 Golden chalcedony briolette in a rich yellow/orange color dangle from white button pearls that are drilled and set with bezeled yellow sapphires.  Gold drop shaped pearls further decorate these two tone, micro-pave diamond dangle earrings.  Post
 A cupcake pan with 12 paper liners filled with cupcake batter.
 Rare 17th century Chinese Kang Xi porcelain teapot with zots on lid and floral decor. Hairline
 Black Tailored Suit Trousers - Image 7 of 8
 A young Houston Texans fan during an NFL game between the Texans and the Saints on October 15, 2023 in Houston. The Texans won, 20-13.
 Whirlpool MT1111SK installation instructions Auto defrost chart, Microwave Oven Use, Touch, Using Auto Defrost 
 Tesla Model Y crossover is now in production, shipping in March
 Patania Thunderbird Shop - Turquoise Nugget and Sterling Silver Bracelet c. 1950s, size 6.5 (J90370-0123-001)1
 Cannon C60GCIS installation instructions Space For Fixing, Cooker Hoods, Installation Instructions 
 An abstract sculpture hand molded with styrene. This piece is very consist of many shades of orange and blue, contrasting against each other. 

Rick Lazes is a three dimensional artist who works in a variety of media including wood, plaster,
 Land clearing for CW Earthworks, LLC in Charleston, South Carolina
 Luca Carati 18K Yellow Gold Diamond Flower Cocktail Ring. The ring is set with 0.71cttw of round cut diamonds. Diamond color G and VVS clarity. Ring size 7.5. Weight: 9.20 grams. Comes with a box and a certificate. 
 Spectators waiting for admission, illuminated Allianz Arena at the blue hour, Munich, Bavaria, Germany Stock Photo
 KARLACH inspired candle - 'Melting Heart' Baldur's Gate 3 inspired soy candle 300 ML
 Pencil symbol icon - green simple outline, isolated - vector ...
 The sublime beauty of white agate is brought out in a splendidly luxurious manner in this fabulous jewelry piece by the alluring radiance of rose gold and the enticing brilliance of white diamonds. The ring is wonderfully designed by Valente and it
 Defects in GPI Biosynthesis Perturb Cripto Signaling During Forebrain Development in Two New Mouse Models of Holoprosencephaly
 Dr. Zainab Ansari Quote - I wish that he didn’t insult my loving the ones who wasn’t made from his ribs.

[THE PROBLEM]: Please give back exactly the lines of the listing above that run from the one containing "Spectators waiting for" through the one containing "Pencil symbol icon", and only those.

[RESPONSE FOR THIS EXERCISE]:
 Spectators waiting for admission, illuminated Allianz Arena at the blue hour, Munich, Bavaria, Germany Stock Photo
 KARLACH inspired candle - 'Melting Heart' Baldur's Gate 3 inspired soy candle 300 ML
 Pencil symbol icon - green simple outline, isolated - vector ...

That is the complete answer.